I think this is a Pope which requires reading the whole interview and not stripped out comments. And then a fruitful discussion can be had. (This is no different than when Bush, Reagan or Palin is headlined and misquoted and then you go read the interview and you discover it's not all as it seems.)
http://www.repubblica.it/cultura/2013/10/01/news/pope_s_conversation_with_scalfari_english-67643118/I read Barnhardt's bio and decided I don't have much use for her. She sounds like she doesn't like the Catholic Church she joined a few years ago and now longs for the way it used to be--some romantic view that existed in the movies of the 40's and 50's and thus sees everything through that lens. She's no different than the liberal Catholics who are pining for the Catholic church they want.
I was discussing this with a young Catholic today-- she explained that the good the Pope references is based on Catholic teaching that the natural law is written on everyone's heart by God --and that if they seek the good they will find it. The good ultimately being God. (I hope I got that right.) So the Pope's use of Good in the interview is about Good capital G not whatever anyone person thinks as good (and feels like doing). At least that's how it seems to me. So a primitive people can seek good as written on their heart by God and never meet a missionary to hear about Jesus. That it is contrary to many Christian beliefs but that is the Catholic view.
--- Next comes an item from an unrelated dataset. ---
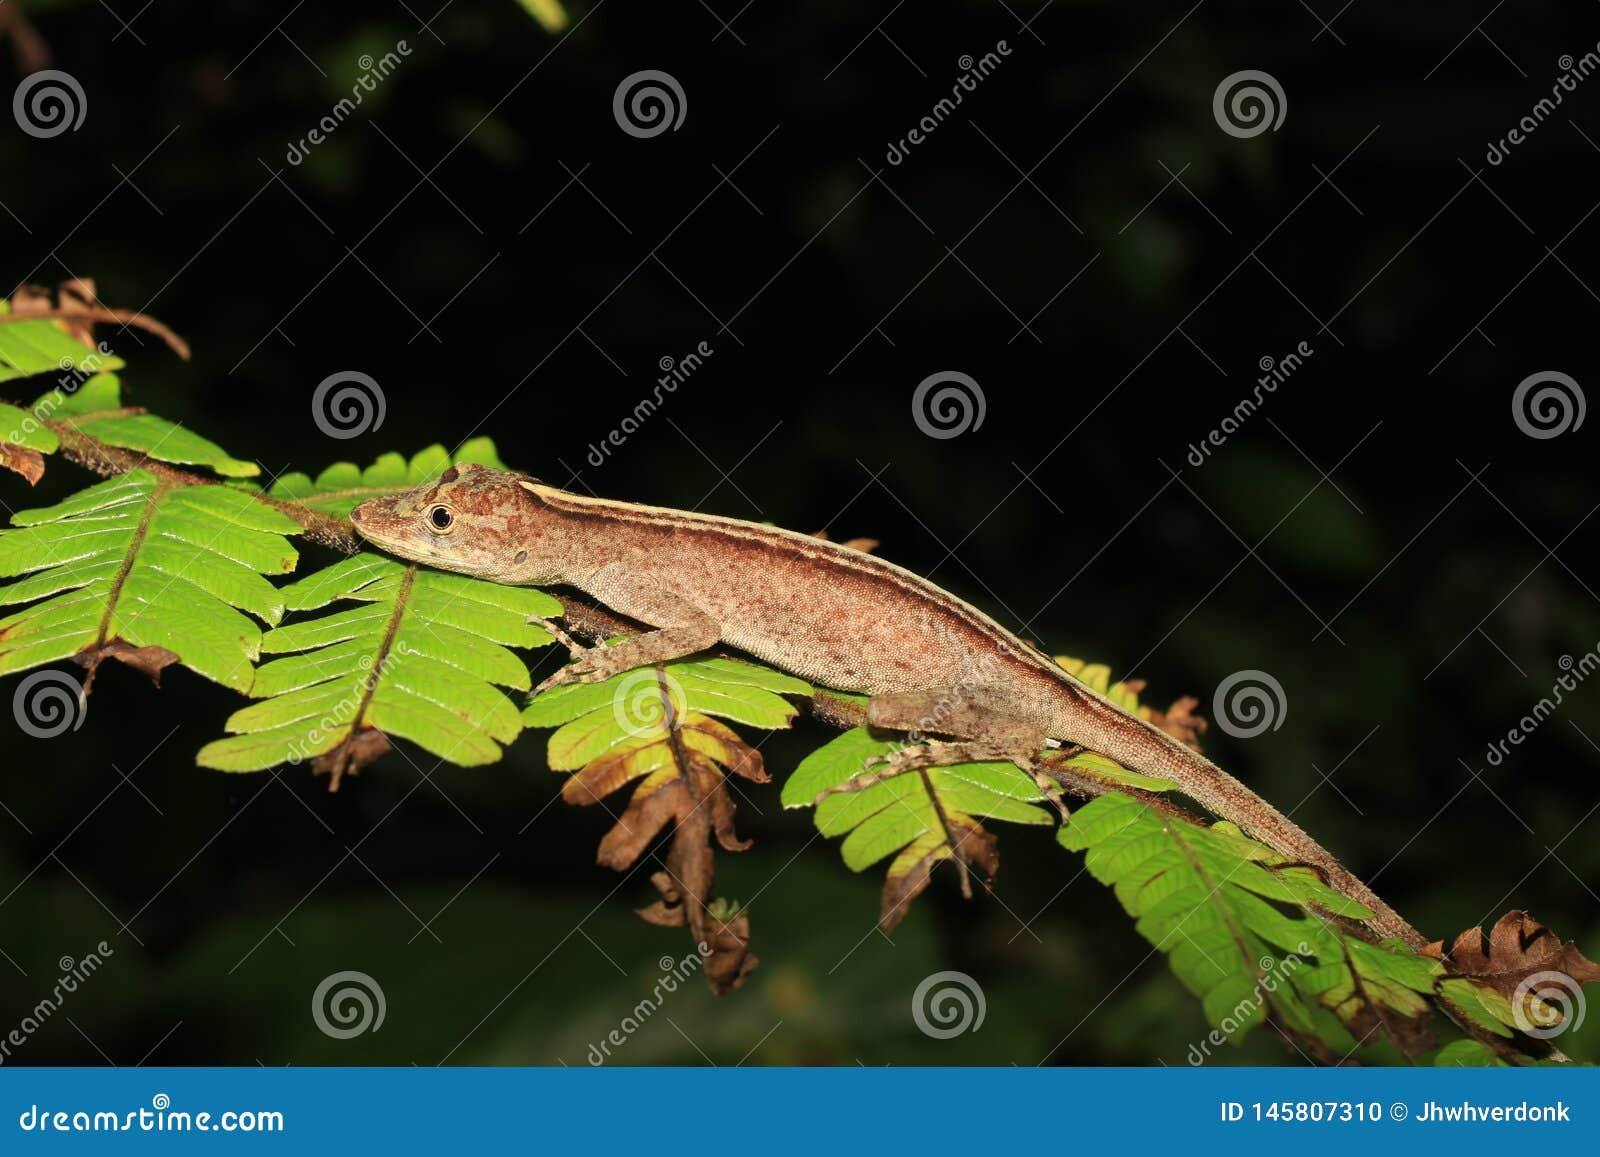 Espécie do Anolis que dorme em uma licença na floresta úmida de Equador, Ámérica do Sul

Half the interview is spent discussing the saints he likes. ( I don't think Marxists are particularly fond of saints. I pretty sure that the church has canonized people who were killed by Marxists, communists etc.) I find it interesting that Barnhardt failed to mention that part of the interview. She has an agenda and I don't trust anyone who can't address the whole interview.
Several Saturdays ago the Pope held a 4-hour prayer event in St. Peter's square to pray for peace and no war with Syria. That impressed me as he was there the whole time. He didn't just ask everyone to pray he held the event and he stayed for it.
I guess it's my training as a lawyer but one thing I learned way back when was never to believe the case notes (the summary of cases)-- read the dang cases yourself.